Masahiro Shimoda 霜田 正浩

Personal information
- Full name: Masahiro Shimoda
- Date of birth: 10 February 1967 (age 59)
- Place of birth: Toshima, Tokyo, Japan
- Height: 1.70 m (5 ft 7 in)
- Position: Midfielder

Youth career
- 1982–1984: Takashima High School

Senior career*
- Years: Team / Apps / (Gls)
- 1988–1989: Shonan Bellmare
- 1990–1992: Kyoto Shiko
- 1993: Yokogawa Electric

Managerial career
- 2006: YSCC Yokohama
- 2013: Japan U-23
- 2018–2020: Renofa Yamaguchi FC
- 2021: Saigon
- 2021–2022: Omiya Ardija
- 2023–2024: Matsumoto Yamaga

Medal record
Shonan Bellmare
| Runner-up | Emperor's Cup | 1988 |

= Masahiro Shimoda =

Japanese footballer and manager

Masahiro Shimoda (霜田 正浩, Shimoda Masahiro) is a Japanese former football player and current manager of Matsumoto Yamaga.

==Club career==
Shimoda was born in Toshima, Tokyo on February 10, 1967. After three years at Takashima High School, he opted for a trip away from Japan. He studied in Brazil, played in the youth ranks of Santos, where he met Kazuyoshi Miura and César Sampaio. He returned to Japan and played in the old Japan Soccer League, but he retired at only 27 years old.

==Managerial career==
Shimoda tried to have a career in the coaching world, managing the youth side at Kyoto Purple Sanga, but he was also the men behind the return of Miura to Japan in 1999, when the striker opted to sign for Sanga from Dinamo Zagreb. He was as well behind some FC Tokyo's football operations concerning the acquisition of foreign players in the early 2000s. After getting a coach patent, he managed YSCC Yokohama for a couple of months. He also managed the reserves of JEF United Chiba, but in the end Japan Football Association asked him in 2009 to be in the Technical Committee through a direct request from their chairman, Hiromi Hara. Shimoda accepted and he stayed in charge as a scout for seven years, also briefly managing the Japan U-23 national team in 2013.

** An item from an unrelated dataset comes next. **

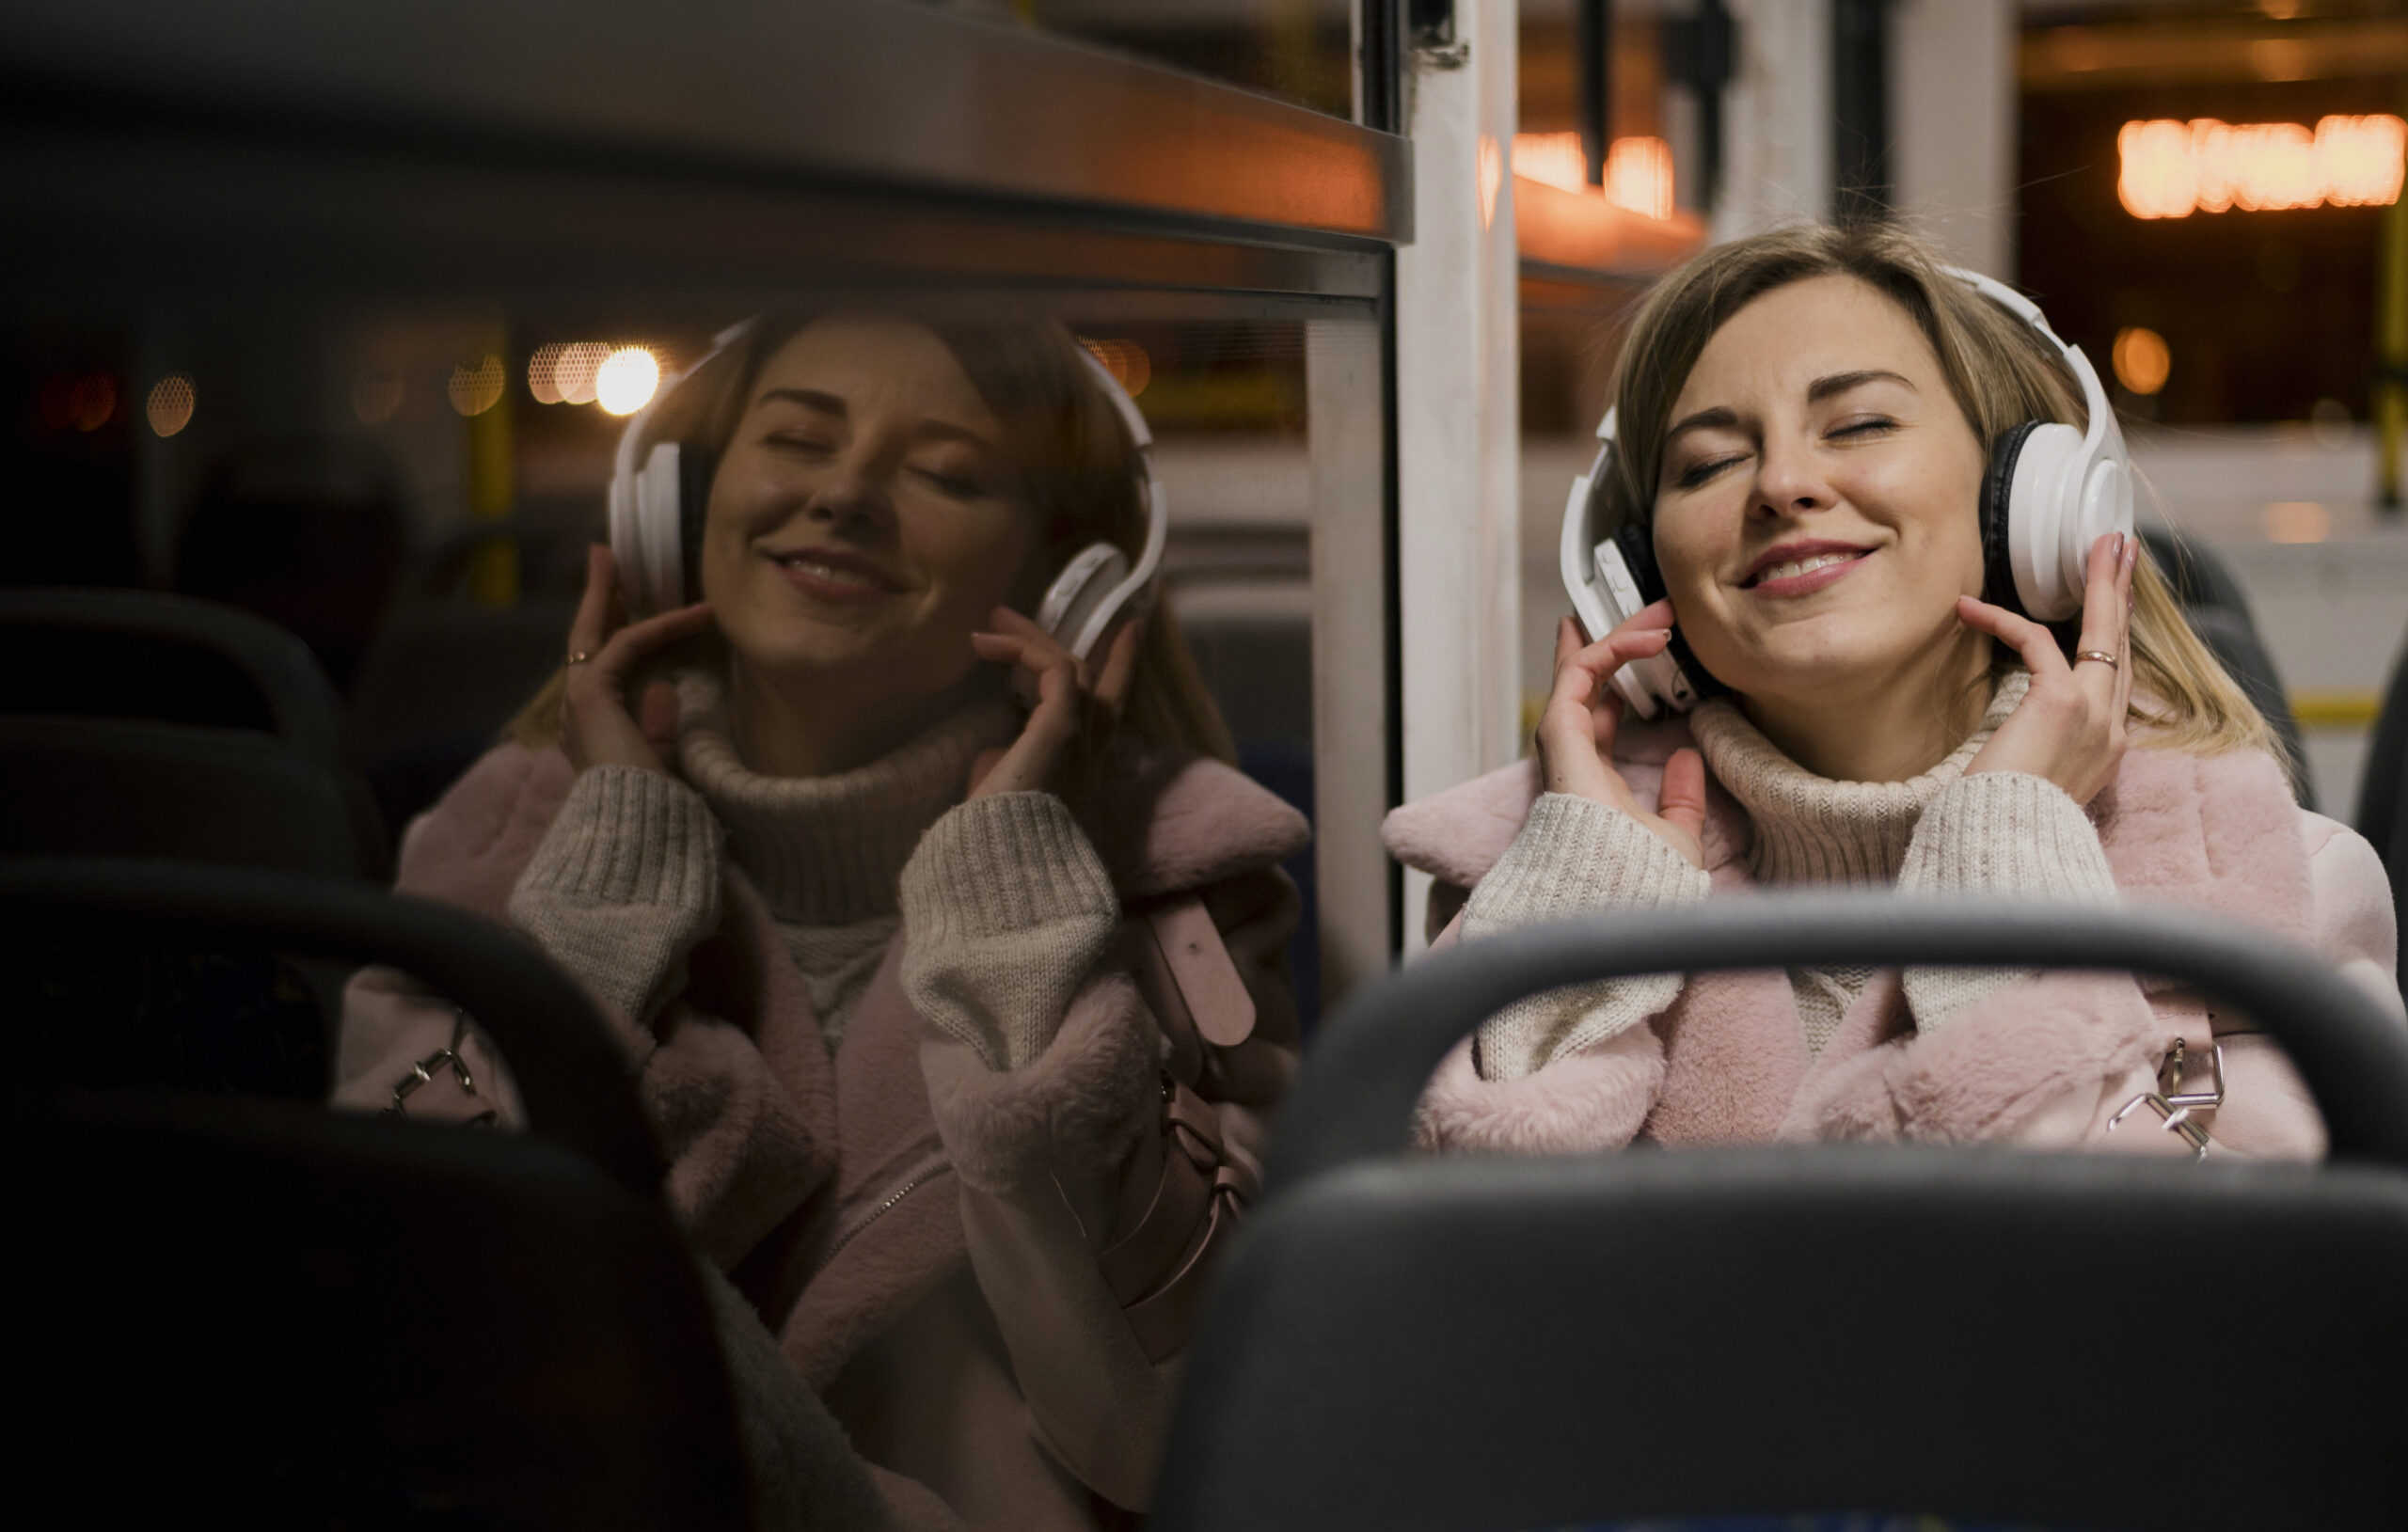 Girl on bus with headphones

In 2017, he was also the reserve head coach at Sint-Truidense, in Belgium. He went back to Japan in 2018, when he accepted the offer of Renofa Yamaguchi FC to be the next head coach.

In June 2021, he became the manager of Omiya Ardija. On 26 May 2022, He was fired from manager after worst performance at J2 League after Matchweek 18.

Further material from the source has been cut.